This is the main class which instantiates the model that we will use in this post. You can read more about the model itself here.

class VertexLLM(_VertexCommon, LLM):
    model_name: str = "text-bison@001"

    @root_validator()
    def validate_environment(cls, values: Dict) -> Dict:
        """Validate that the python package exists in environment."""
        try:
            from vertexai.preview.language_models import TextGenerationModel
        except ImportError:
            raise ValueError(
                "Could not import Vertex AI LLM python package. "
            )

        try:
            values["client"] = TextGenerationModel.from_pretrained(values["model_name"])
        except AttributeError:
            raise ValueError(
                "Could not set Vertex Text Model client."
            )

        return values

    def _call(self, prompt: str, stop: Optional[List[str]] = None) -> str:
        """Call out to Vertex AI's create endpoint.

        Args:
            prompt: The prompt to pass into the model.

        Returns:
            The string generated by the model.
        """
        return self._predict(prompt, stop)

VertexAI Chat model

class _VertexChatCommon(_VertexCommon):
    """Wrapper around Vertex AI Chat large language models.

    To use, you should have the
    ``vertexai.preview.language_models`` python package
    installed.
    """
    model_name: str = "chat-bison@001"
    """Model name to use."""

    @root_validator()
    def validate_environment(cls, values: Dict) -> Dict:
        """Validate that the python package exists in environment."""
        try:
            from vertexai.preview.language_models import ChatModel
        except ImportError:
            raise ValueError(
                "Could not import Vertex AI LLM python package. "
            )

        try:
            values["client"] = ChatModel.from_pretrained(values["model_name"])
        except AttributeError:
            raise ValueError(
                "Could not set Vertex Text Model client."
            )

        return values

    def _response_to_chat_results(
        self, response: TextGenerationResponse, stop: Optional[List[str]]
    ) -> ChatResult:
        text = self._enforce_stop_words(response.text, stop)
        return ChatResult(generations=[ChatGeneration(message=AIMessage(content=text))])


class VertexChat(_VertexChatCommon, BaseChatModel):
    """Wrapper around Vertex AI large language models.
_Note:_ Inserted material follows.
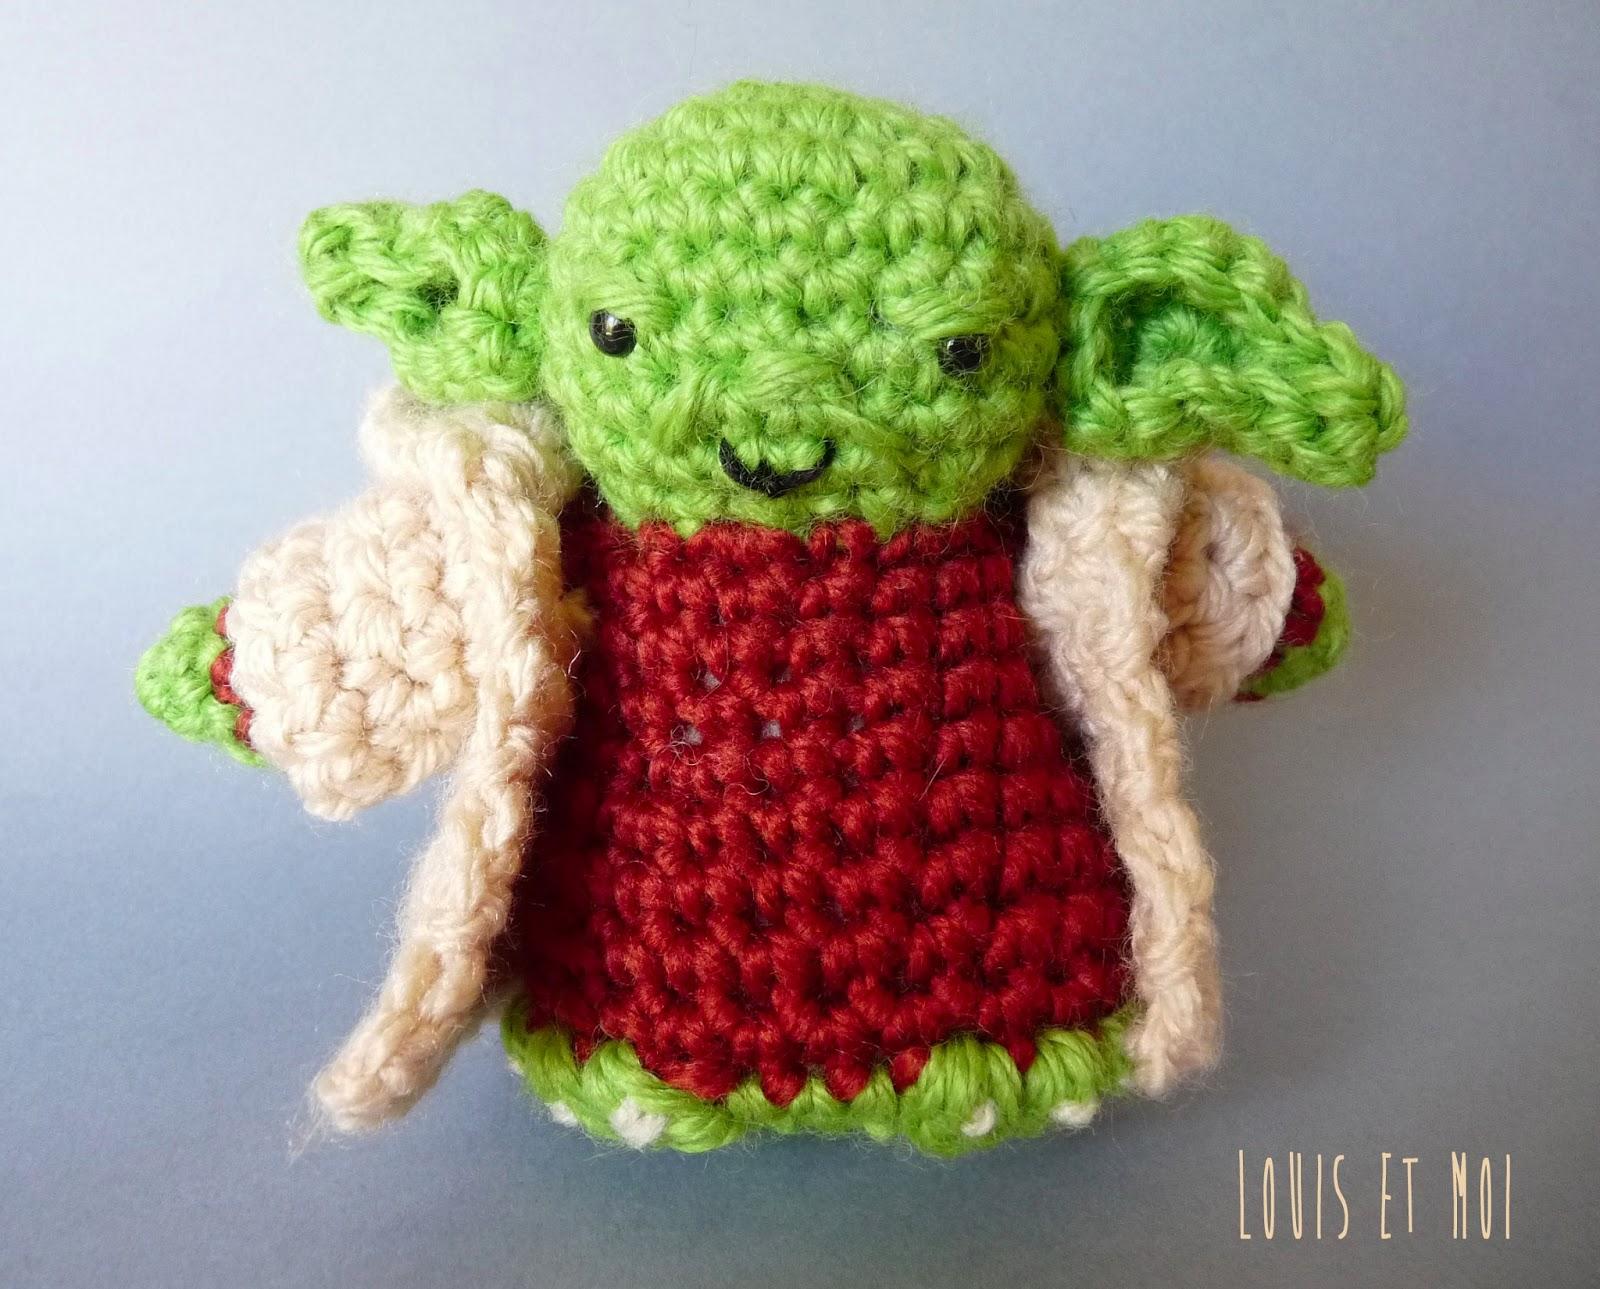 Amigurumi Maestro Yoda : Louis et Moi (cosen y hacen crochet): junio 2013

    To use, you should have the
    ``vertexai.preview.language_models`` python package
    installed.
    """

    model_name: str = "chat-bison@001"
    chat: Any = None  #: :meta private:

    def send_message(
        self, message: Union[HumanMessage, str], stop: Optional[List[str]] = None
    ) -> ChatResult:
        text = message.content if isinstance(message, BaseMessage) else message
        response = self.chat.send_message(text)
        text = self._enforce_stop_words(response.text, stop)
        return ChatResult(generations=[ChatGeneration(message=AIMessage(content=text))])

    def _generate(
        self, messages: List[BaseMessage], stop: Optional[List[str]] = None
    ) -> ChatResult:
        if not messages:
            raise ValueError(
                "You should provide at least one message to start the chat!"
            )
        question = messages[-1]
        if not isinstance(question, HumanMessage):
            raise ValueError(
                f"Last message in the list should be from human, got {question.type}."
            )
        self.start_chat(messages[:-1])
        return self.send_message(question)

    def start_chat(self, messages: List[BaseMessage]) -> None:
        """Starts a chat."""
        history = _parse_chat_history(messages)
        context = history.system_message.content if history.system_message else None
        self.chat = self.client.start_chat(context=context, **self._default_params)
        for pair in history.history:
            self.chat._history.append((pair.question.content, pair.answer.content))

    def clear_chat(self) -> None:
        self.chat = None

    @property
    def history(self) -> List[BaseMessage]:
        """Chat history."""
        history: List[BaseMessage] = []
        if self.chat:
            for question, answer in self.chat._history:
                history.append(HumanMessage(content=question))
                history.append(AIMessage(content=answer))
        return history

    async def _agenerate(
        self, messages: List[BaseMessage], stop: Optional[List[str]] = None
    ) -> ChatResult:
        raise NotImplementedError(
            """Vertex AI doesn't support async requests at the moment."""
        )

class VertexMultiTurnChat(_VertexChatCommon, BaseChatModel):
    """Wrapper around Vertex AI large language models."""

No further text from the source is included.